• Exercise input:

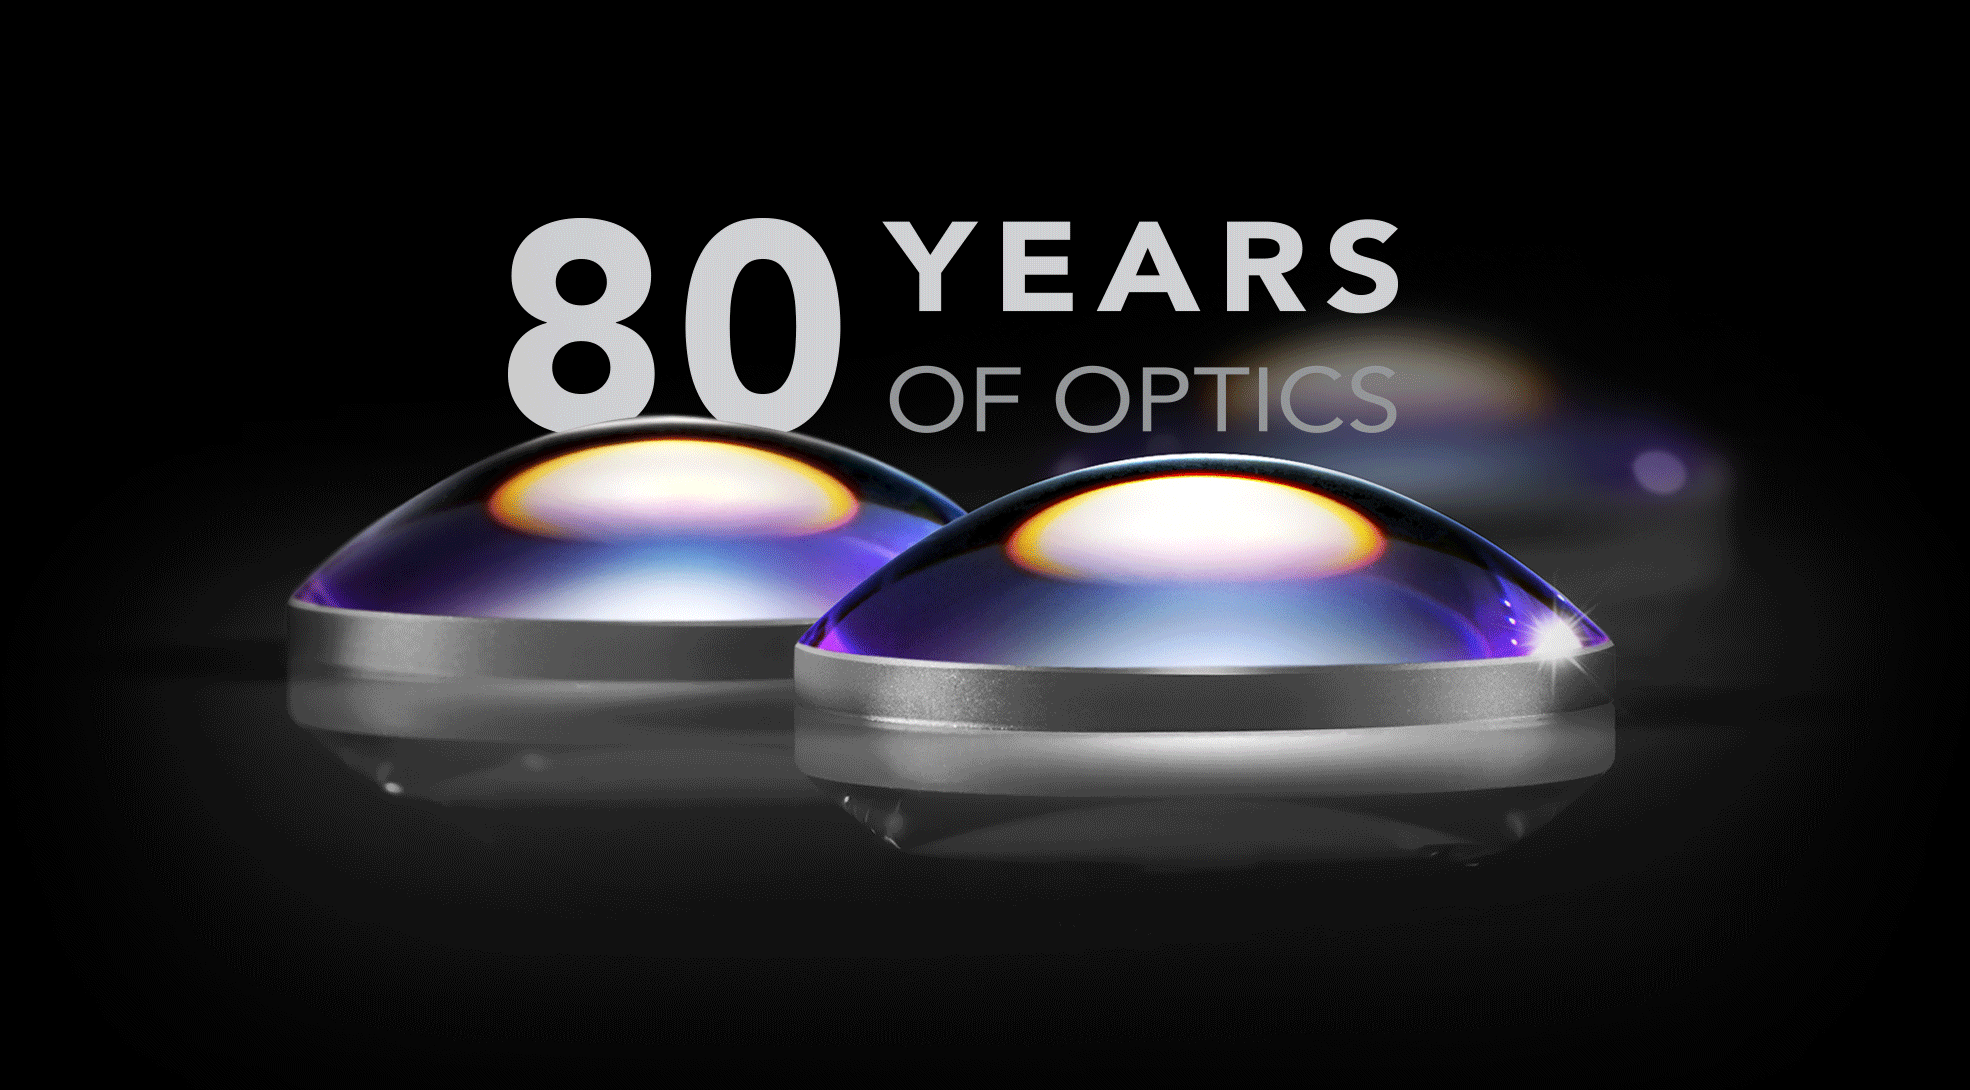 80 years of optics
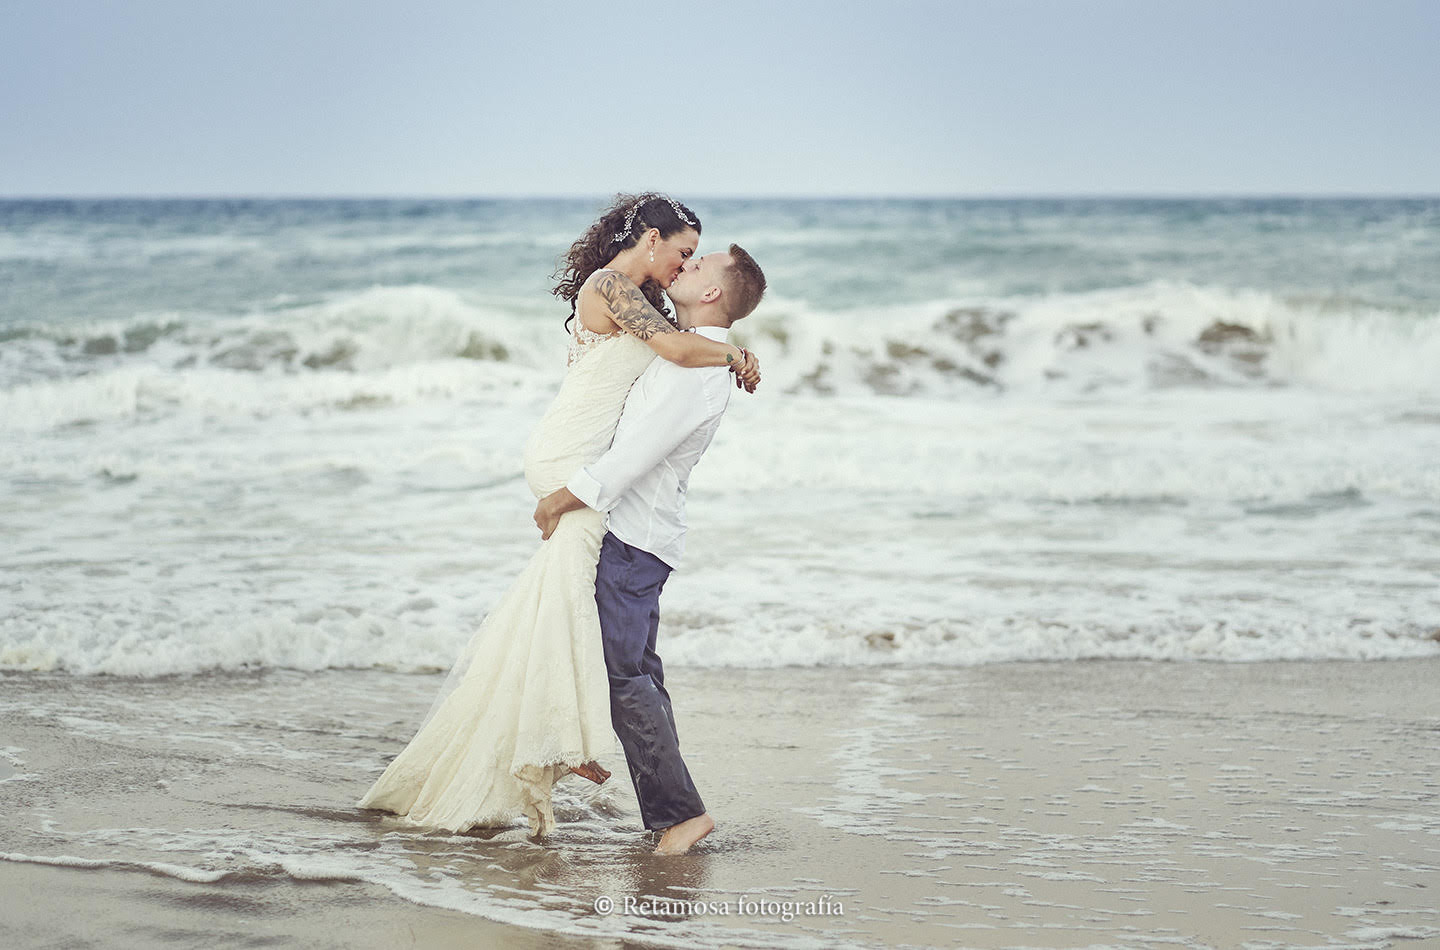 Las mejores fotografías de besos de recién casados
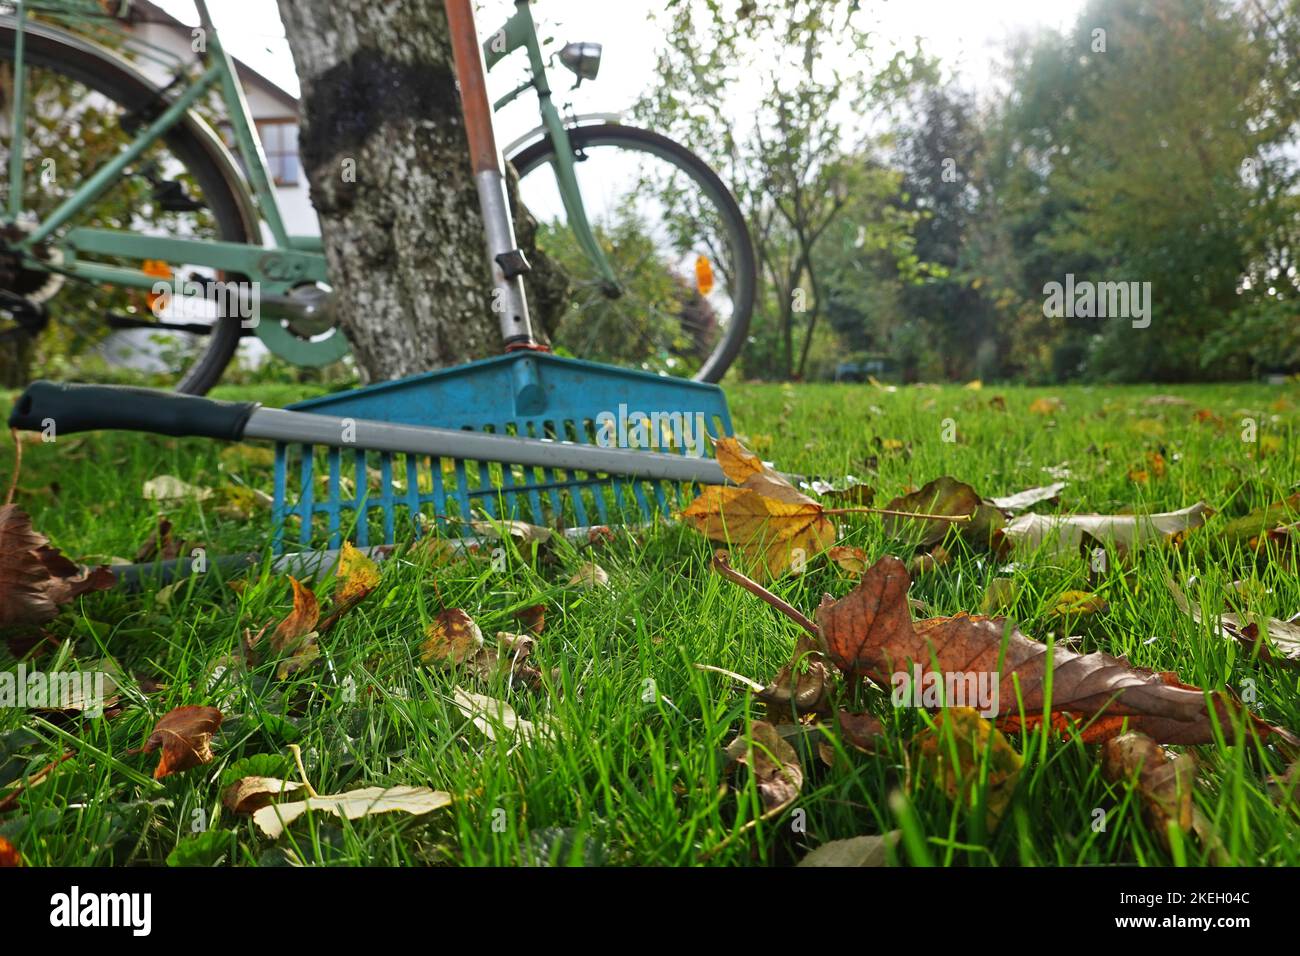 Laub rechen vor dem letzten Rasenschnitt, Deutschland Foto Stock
* * *
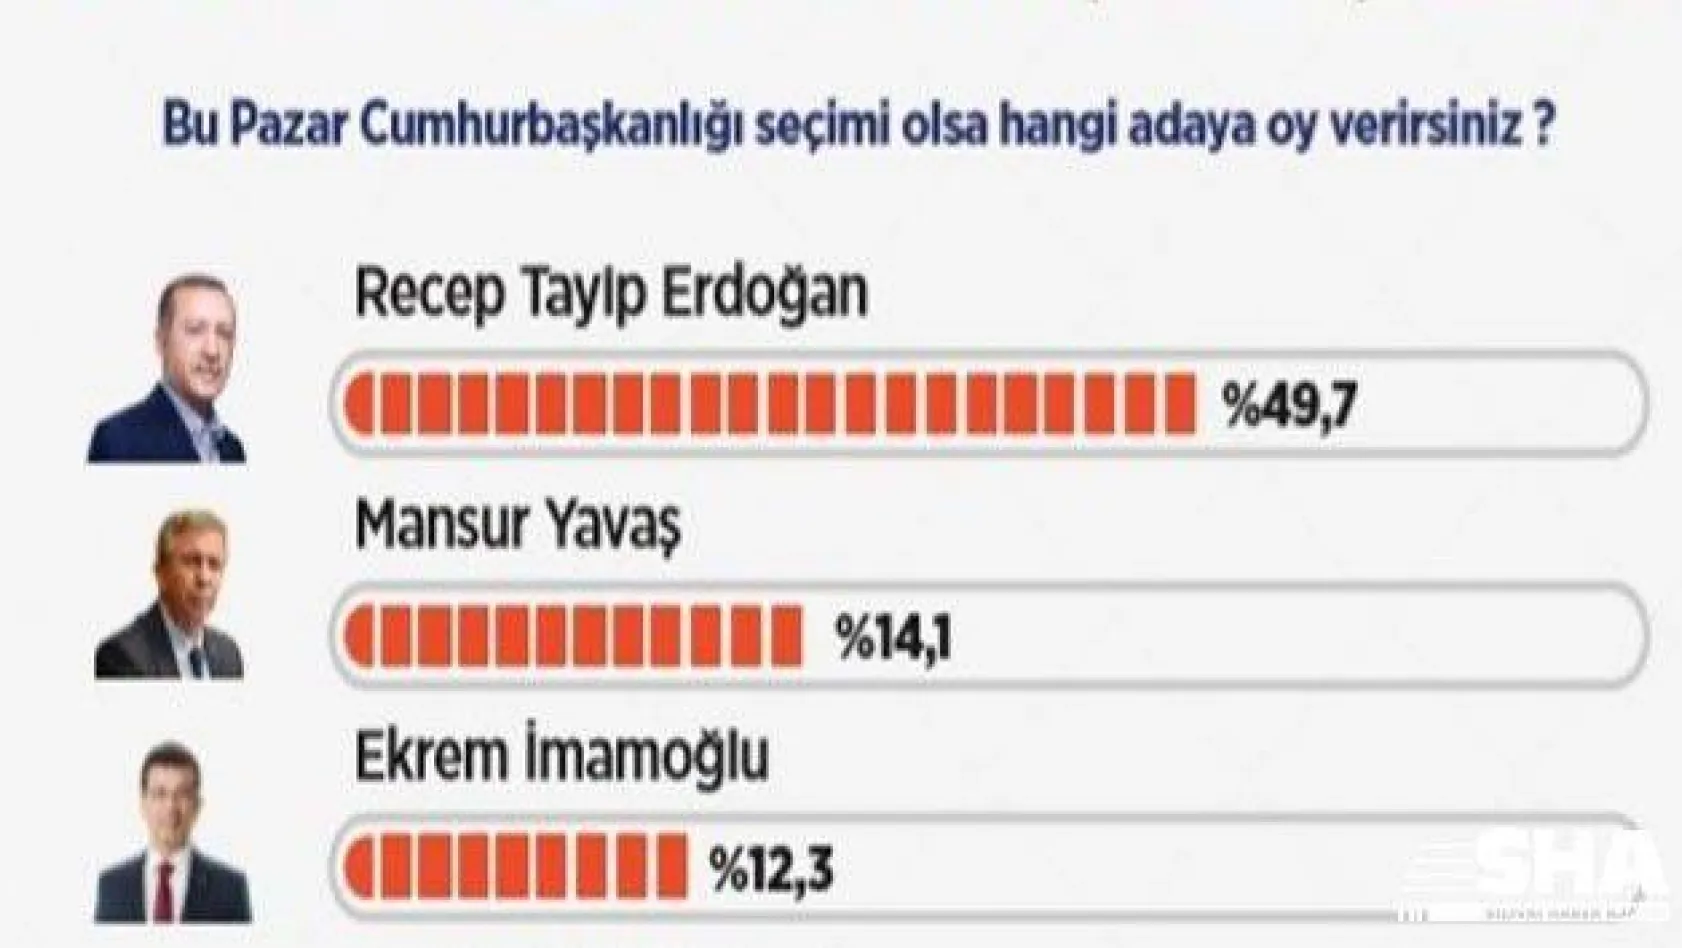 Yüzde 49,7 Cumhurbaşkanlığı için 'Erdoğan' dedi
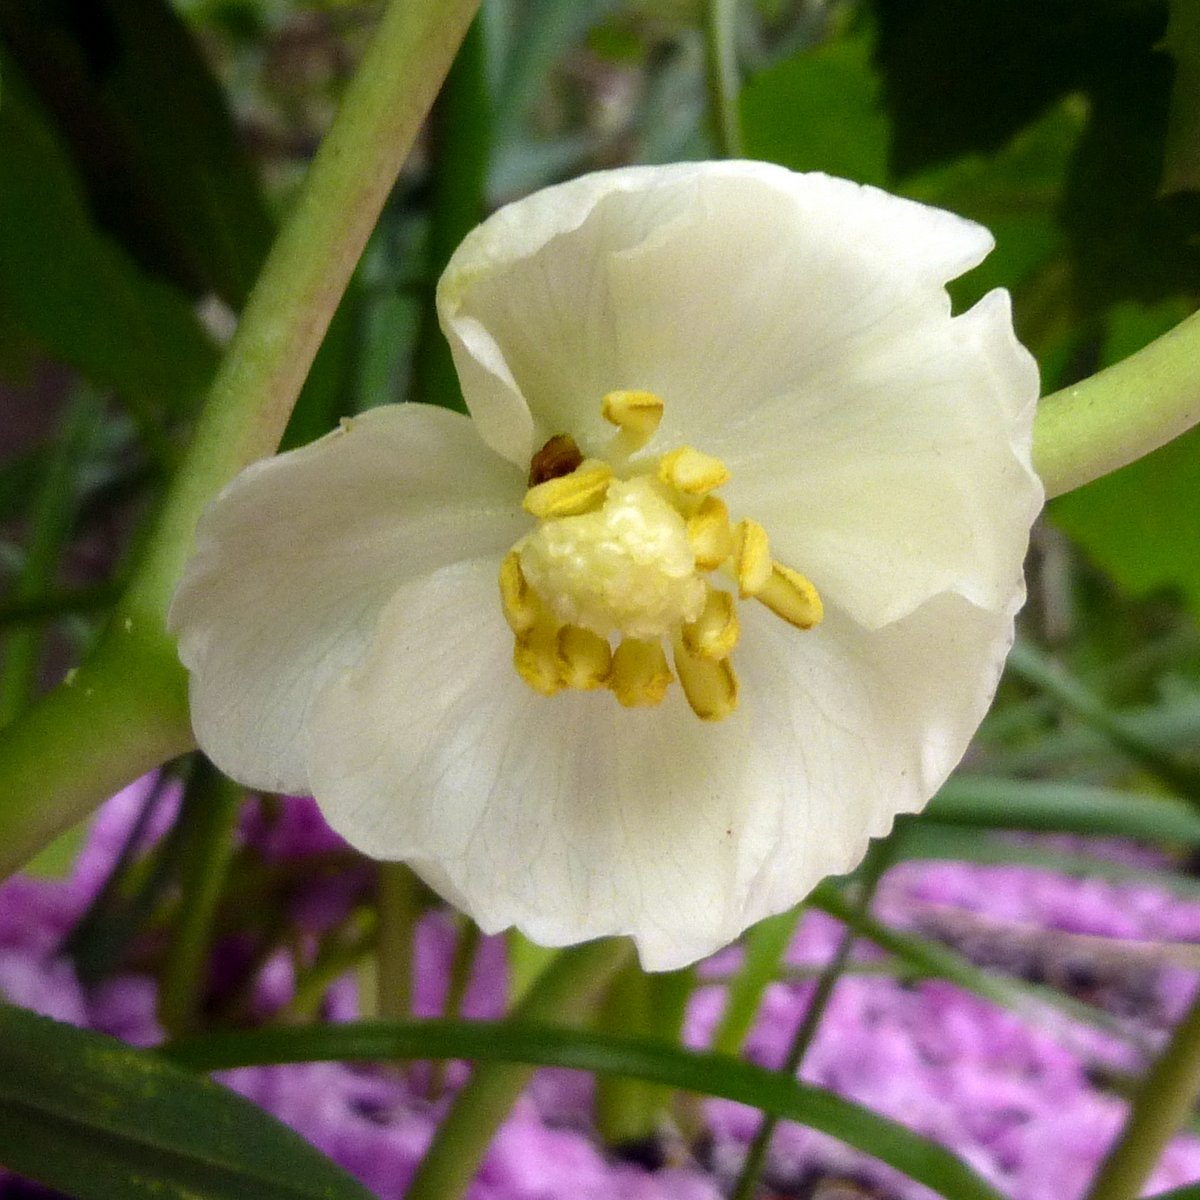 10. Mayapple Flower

• Work required:
From the material above, give again exactly the lines from the one that contains "80 years of optics" through the one that contains "Laub rechen vor", and leave out the pictures.

• Result:
 80 years of optics
 Las mejores fotografías de besos de recién casados
 Laub rechen vor dem letzten Rasenschnitt, Deutschland Foto Stock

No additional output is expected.